Copy the data below exactly, but not the pictures it contains.

INFORMATION PROVIDED:
+===+
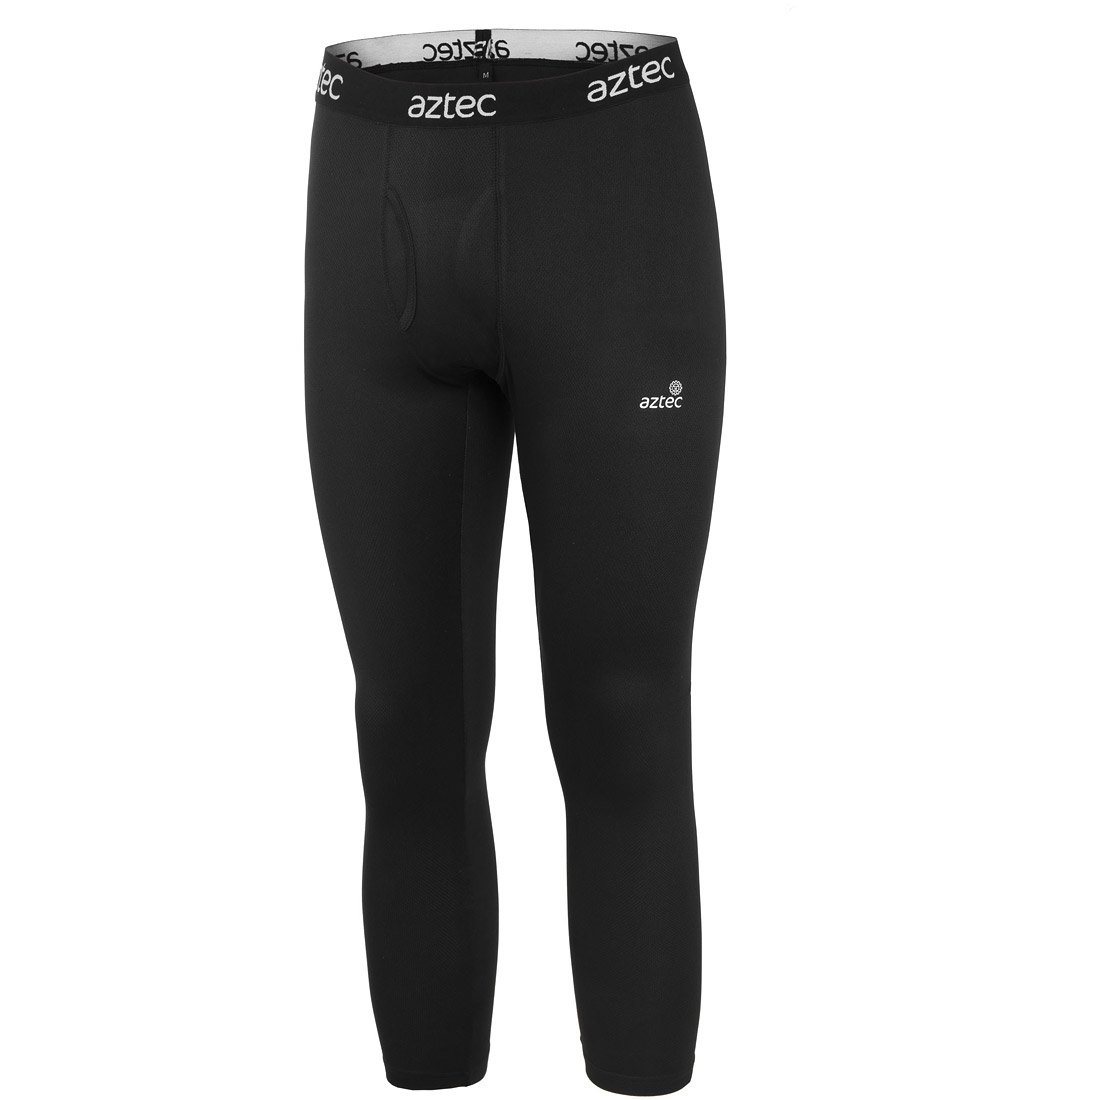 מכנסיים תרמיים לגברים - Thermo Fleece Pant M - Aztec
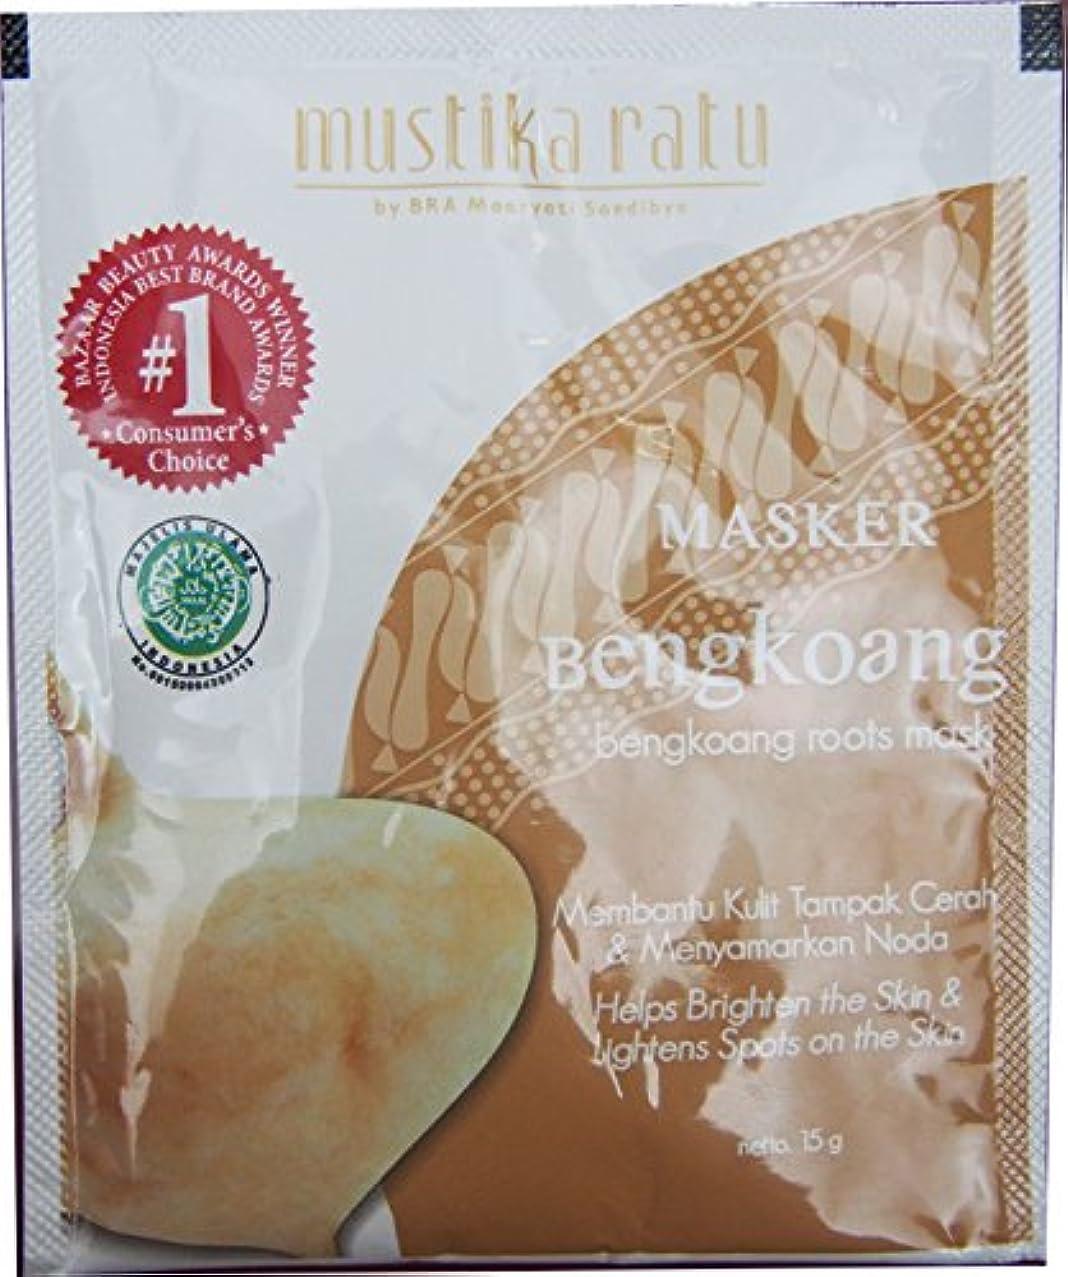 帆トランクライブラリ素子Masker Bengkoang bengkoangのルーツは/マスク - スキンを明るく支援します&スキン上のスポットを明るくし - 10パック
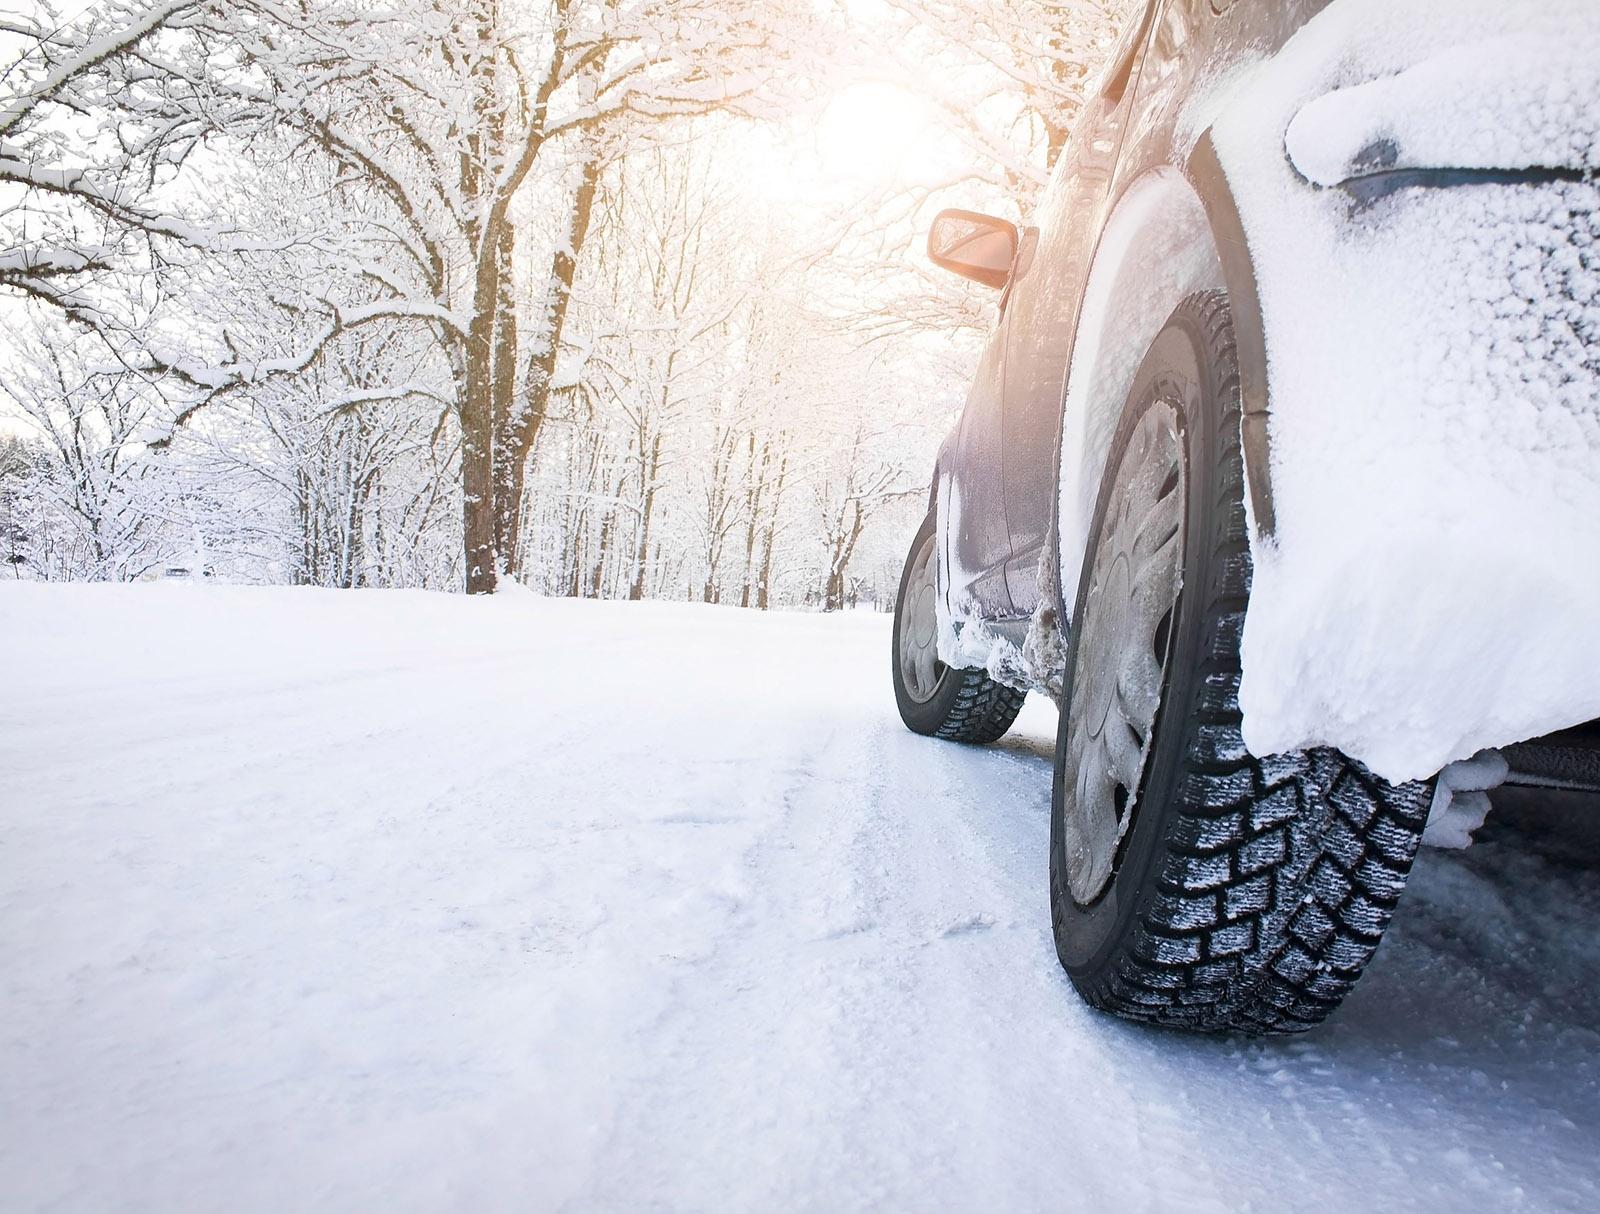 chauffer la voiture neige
+===+
SOLUTION FOR THIS EXERCISE:
 מכנסיים תרמיים לגברים - Thermo Fleece Pant M - Aztec
 帆トランクライブラリ素子Masker Bengkoang bengkoangのルーツは/マスク - スキンを明るく支援します&スキン上のスポットを明るくし - 10パック
 chauffer la voiture neige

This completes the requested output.